Within the listing below, please copy exactly the lines between the line holding "Urban Melange Teddy" and the line holding "金 必要 書類 特別 給付", inclusive.

↓

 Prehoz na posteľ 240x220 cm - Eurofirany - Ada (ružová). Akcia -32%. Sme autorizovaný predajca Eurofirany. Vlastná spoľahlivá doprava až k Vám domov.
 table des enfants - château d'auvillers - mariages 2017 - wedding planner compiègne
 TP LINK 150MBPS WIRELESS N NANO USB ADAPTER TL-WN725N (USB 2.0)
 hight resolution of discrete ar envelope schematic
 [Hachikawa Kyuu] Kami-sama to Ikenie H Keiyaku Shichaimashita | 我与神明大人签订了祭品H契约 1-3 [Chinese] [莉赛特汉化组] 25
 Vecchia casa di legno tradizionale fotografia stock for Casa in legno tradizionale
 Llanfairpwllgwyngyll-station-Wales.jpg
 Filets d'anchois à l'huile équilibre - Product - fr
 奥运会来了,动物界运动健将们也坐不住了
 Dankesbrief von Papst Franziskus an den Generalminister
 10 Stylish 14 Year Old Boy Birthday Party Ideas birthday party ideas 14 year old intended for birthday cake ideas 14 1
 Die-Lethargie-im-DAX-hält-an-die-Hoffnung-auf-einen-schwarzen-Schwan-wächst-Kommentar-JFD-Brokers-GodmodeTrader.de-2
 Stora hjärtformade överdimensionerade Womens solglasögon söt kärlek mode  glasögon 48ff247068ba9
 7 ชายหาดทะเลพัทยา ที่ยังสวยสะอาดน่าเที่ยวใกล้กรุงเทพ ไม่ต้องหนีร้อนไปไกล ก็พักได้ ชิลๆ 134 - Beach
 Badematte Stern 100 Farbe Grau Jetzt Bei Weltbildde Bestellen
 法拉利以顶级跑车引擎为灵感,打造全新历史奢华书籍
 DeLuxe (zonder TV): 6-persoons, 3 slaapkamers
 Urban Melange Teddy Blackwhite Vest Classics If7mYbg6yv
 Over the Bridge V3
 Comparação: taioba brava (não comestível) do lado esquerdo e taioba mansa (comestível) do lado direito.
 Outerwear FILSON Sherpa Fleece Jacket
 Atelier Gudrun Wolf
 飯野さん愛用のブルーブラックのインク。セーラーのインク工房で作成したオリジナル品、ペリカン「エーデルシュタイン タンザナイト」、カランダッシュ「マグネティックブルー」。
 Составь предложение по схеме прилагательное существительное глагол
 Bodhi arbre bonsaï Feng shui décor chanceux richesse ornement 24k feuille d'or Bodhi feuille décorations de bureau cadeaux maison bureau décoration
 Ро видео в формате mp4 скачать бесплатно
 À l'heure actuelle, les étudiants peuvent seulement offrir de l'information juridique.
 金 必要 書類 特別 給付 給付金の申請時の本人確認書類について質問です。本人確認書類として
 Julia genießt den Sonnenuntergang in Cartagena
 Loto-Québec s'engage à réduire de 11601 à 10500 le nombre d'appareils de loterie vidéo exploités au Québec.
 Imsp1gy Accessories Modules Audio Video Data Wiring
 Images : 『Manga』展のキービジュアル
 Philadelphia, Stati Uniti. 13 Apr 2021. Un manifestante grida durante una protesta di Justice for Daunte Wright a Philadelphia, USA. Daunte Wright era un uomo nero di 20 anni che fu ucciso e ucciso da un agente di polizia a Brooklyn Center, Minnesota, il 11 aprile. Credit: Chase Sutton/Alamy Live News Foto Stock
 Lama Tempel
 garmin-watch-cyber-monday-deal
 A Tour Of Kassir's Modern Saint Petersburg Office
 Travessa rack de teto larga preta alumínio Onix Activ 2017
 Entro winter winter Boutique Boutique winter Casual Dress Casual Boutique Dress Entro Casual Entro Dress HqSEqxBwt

↑

▶ [Response area]
 Urban Melange Teddy Blackwhite Vest Classics If7mYbg6yv
 Over the Bridge V3
 Comparação: taioba brava (não comestível) do lado esquerdo e taioba mansa (comestível) do lado direito.
 Outerwear FILSON Sherpa Fleece Jacket
 Atelier Gudrun Wolf
 飯野さん愛用のブルーブラックのインク。セーラーのインク工房で作成したオリジナル品、ペリカン「エーデルシュタイン タンザナイト」、カランダッシュ「マグネティックブルー」。
 Составь предложение по схеме прилагательное существительное глагол
 Bodhi arbre bonsaï Feng shui décor chanceux richesse ornement 24k feuille d'or Bodhi feuille décorations de bureau cadeaux maison bureau décoration
 Ро видео в формате mp4 скачать бесплатно
 À l'heure actuelle, les étudiants peuvent seulement offrir de l'information juridique.
 金 必要 書類 特別 給付 給付金の申請時の本人確認書類について質問です。本人確認書類として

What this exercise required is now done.